Freedom fighter and member of the Subhash Chandra Bose’s Indian National Army, Capt. Laxmi Sehgal, called for a strong national level women’s movement against discrimination, asserting that it was time for women to unite in order to find solutions, "as men have made a mess of things". Brinda Karat, general secretary of the organisation, attacked the Centre for having always considered the resources of the North–east as national resources yet never having taken up the problems of the region’s people as national issues. The convention has decided to ask the North–eastern Council to ensure women’s development. A delegation of women is also scheduled to meet President K.R. Narayanan in April to draw attention to the plight of women in the region and submit a memorandum of demands.

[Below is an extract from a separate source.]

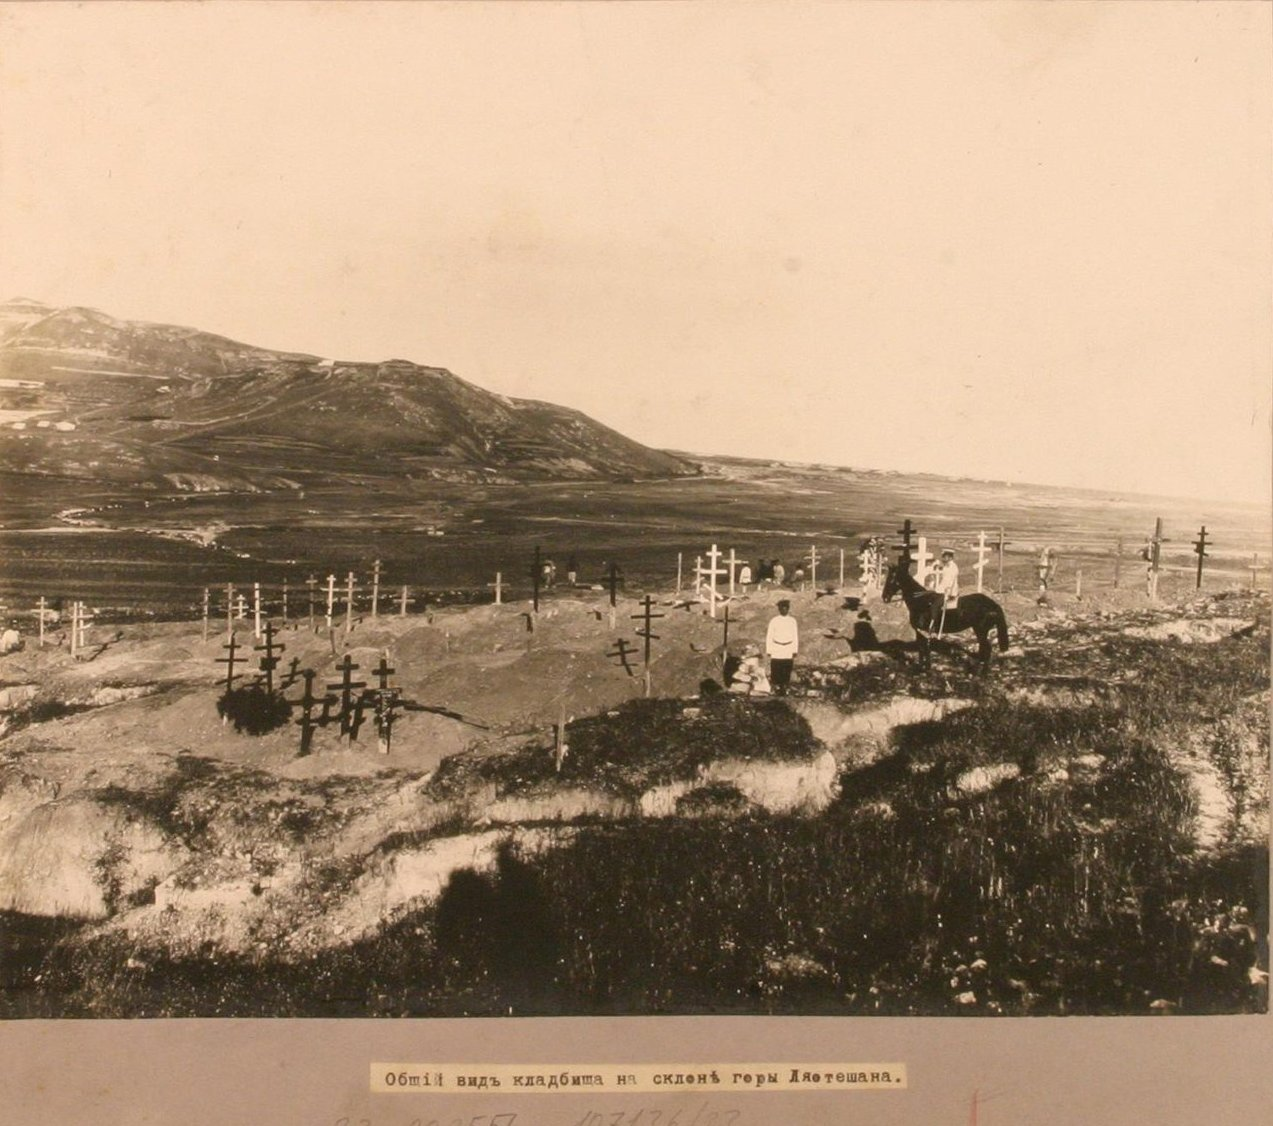 03. Кладбище на склоне горы Ляотешана

Police protection for Srikrishna–indicted
Those indicted by the Justice Srikrishna Commission report on the 1992–93 riots in Mumbai are now to get special protection from the police, the Maharashtra government has decided. The decision has made the already understaffed and overworked police force unhappy. Every time special protection for individuals is required, police personnel have to be pulled out from their routine jobs and placed on special duty. Said Retd. special inspector general of police, A.A. Khan, "Those indicted are responsible for committing riots. If they have the guts to instigate riots, they should take care of themselves." A.S. Samra, former DG, concurred, "Any person who has contributed something towards the public, should be given protection. But what have these persons who are indicted by the Srikrishna Commission done for the public? They have not contributed anything towards society. So they should arrange for their own security. Why should the government provide them security?"

Guardian status to mothers, at last
In a recent judgement by the Supreme Court, the mother was finally given equal status to that of the father in cases of guardianship. Both parents will now be treated as natural guardians of a minor child under the Hindu Minority and Guardianship (HMG) Act. Section 6 (a) of the HMG act states that, "In case of a boy or an unmarried girl (guardianship rests with) the father and after him, the mother, provided that the custody of a minor who has not completed the age of five years shall ordinarily be with the mother."

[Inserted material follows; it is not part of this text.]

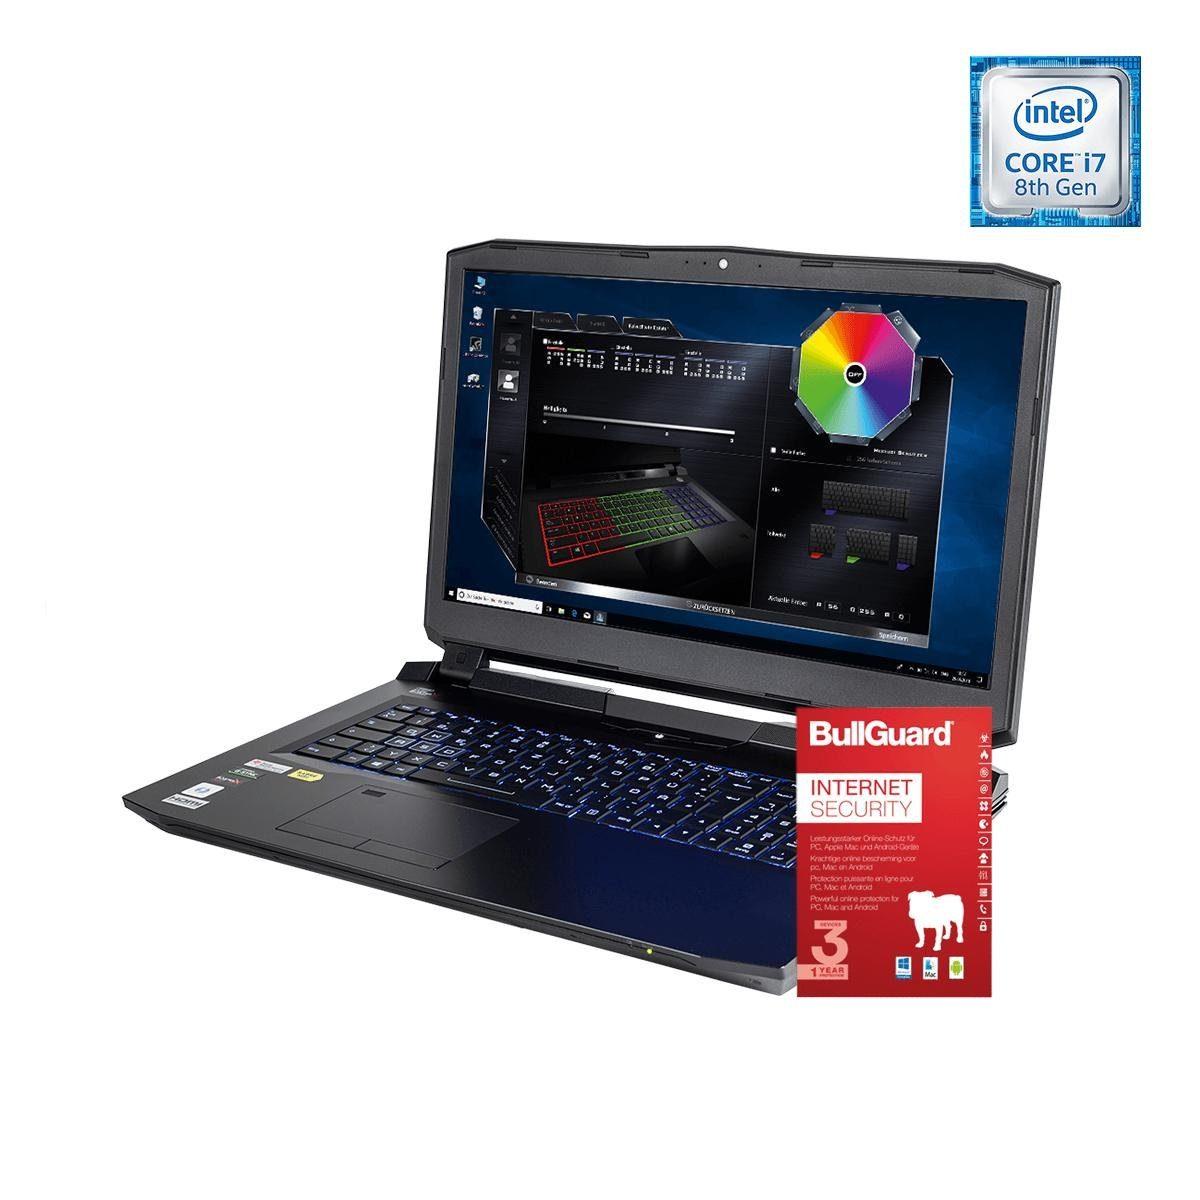 ONE GAMING Notebook, Core i7-8700K, GeForce GTX 1080, 8GB DDR4 RAM »NB 44915«

Two petitions had raised the question of whether the mother could be regarded as the natural guardian of a child during the lifetime of the child’s father. The court interpreted the section to mean that the word ‘after’ did not necessarily mean after the death of the father. The mother’s right to guardianship, the court ruled, did not necessarily stand obliterated in the lifetime of the father. The court listed indifference to the matters of the minor, physical or mental inability to take care of the minor, or mutual agreement between the parents as grounds to treat the father as absent and give the mother recognition as natural guardian of the child.

The bench comprising of Chief Justice A.S. Anand, Justice M. Srinivasan and Justice U.C. Banerjee, in separate but concurrent verdicts said, "the father by reason of a dominant personality cannot be ascribed to have a preferential right over the mother in the matter of guardianship since both fall within the same category." Justice Banerjee said, "Gender equality is one of the basic principles of our constitution…and disqualification of a mother to act as a guardian during the lifetime of the father…would definitely run counter to the basic requirement of the constitutional mandate and would lead to a differentiation between male and female".